Have you checked into google gears?
Some pointers for solution 3:
for the GUI part, ExtJS seems really nice.
for the storage part, there is a nice javascript library that abstracts different storage backends: PersistJS.
Supported backends for PersistJS:
flash: Flash 8 persistent storage.
gears: Google Gears-based persistent storage.
localstorage: HTML5 draft storage.
whatwg_db: HTML5 draft database storage.
globalstorage: HTML5 draft storage (old spec).
ie: Internet Explorer userdata behaviors.
cookie: Cookie-based persistent storage.
Also, I think the moin moin wiki software has a desktop version that includes its own webserver. This stuff is easy in python, since batteries are included.
You might want to check out how they do it?

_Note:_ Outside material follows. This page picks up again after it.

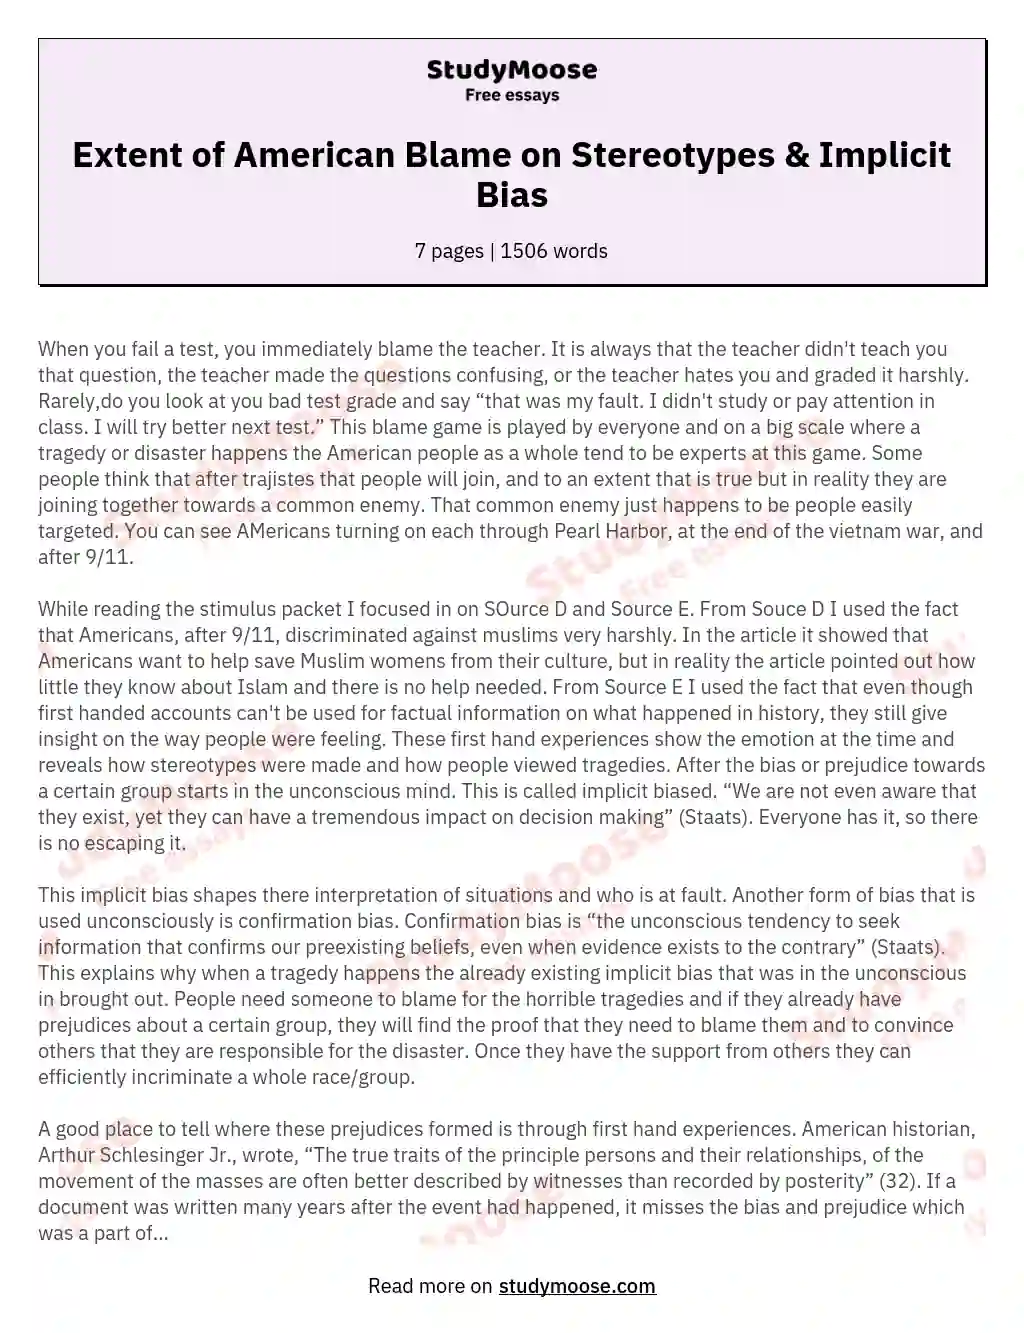 Extent of American Blame on Stereotypes & Implicit Bias essay

You could make a dedicated client using Webkit or Firefox's backbone. Some games use that solution for UI for example.
Or you could make a little webserver (I have a little webserver in Lua that I use for similar purposes, just a few megas with libaries and all). However if you take this route the biggest issue to consider is you don't want your webserver to depend on environmental variables, you want it to be totally autonomous. You should try to isolate all variables t o a config file and be done with it (bundle style)
Or you could use a Java client application to display the webpage
Or GoogleGears, but that's the same (almost) as Flex+Air. so choose Flex+Air if that's what you are familiar with
You didn't specify a language but I looked at Karigell a few years ago. It's Python web framework, similar to Django or TurboGears, but it doesn't have the overhead of those frameworks.
From my messing around with it, it seems like it would work for your purposes. It has a built-in web server (though you can use pretty much any server you want) and you can use any database that Python supports.
Plus, Python works well with Linux. :)
If you made the app a regular web app heavily reliant on client-side technologies (using DHTML and the likes of Google Gears to store data offline as already suggested) so once opened, there wasn't much interaction with the server, you could probably host the thing on a basic shared hosting account which wouldn't cost that much. That might be your easiest starting point as you wouldn't have to worry about all the issues with desktop apps such as compatibility with different operating systems, packaging up an install etc, yet you wouldn't need massive server resources behind it either.
You can use HTML, JS and whatever else in Adobe AIR and you'll have plenty of options of saving data locally, too.
in java world you could use jetty for a server, implement web app using your favorite framework and use hsqldb as a database - it lives entirely in your container (jetty). you can deploy preview app on the web and package downloadable offline version.
There's a portable distribution of Apache/MySQL/PHP (to place on USB keys):
http://portableapps.com/apps/development/xampp
This should be easily adapted to your needs.
You could also consider using XULRunner or Prism
They're the opensource technology that FireFox, Thunderbird and Joost are built on, and allows you to develop apps in XML and javascript essentially against the same rich api that FireFox itself has. And of course this is cross platform too, so it'd work on Mac/Linux/Windows...
Check here for more info:
https://developer.mozilla.org/en/XULRunner
I was thinking of doing something like this myself. My plan was to write app using django and write script that starts django's testing server and opens default browser on specified port. My plan was to use SQLite...
Also, it would be nice to pack it into one package, so users without django installed can run app without any dependecies...
My suggestion, as you pointed above, is to use a Wiki system to solve your problem. Now the question could be: Wich one?
You can use Trac, it is very simple and you can customize its GUI. But, if you prefer something more advanced please use MoinMoin. I used it for years, and IMO it is a very good and strong wiki system.
Depiste wich wiki you will choose, forget to write your web-app from scratch. According to yor question the best approach is to pick something that works and customize/modify it to fit your needs.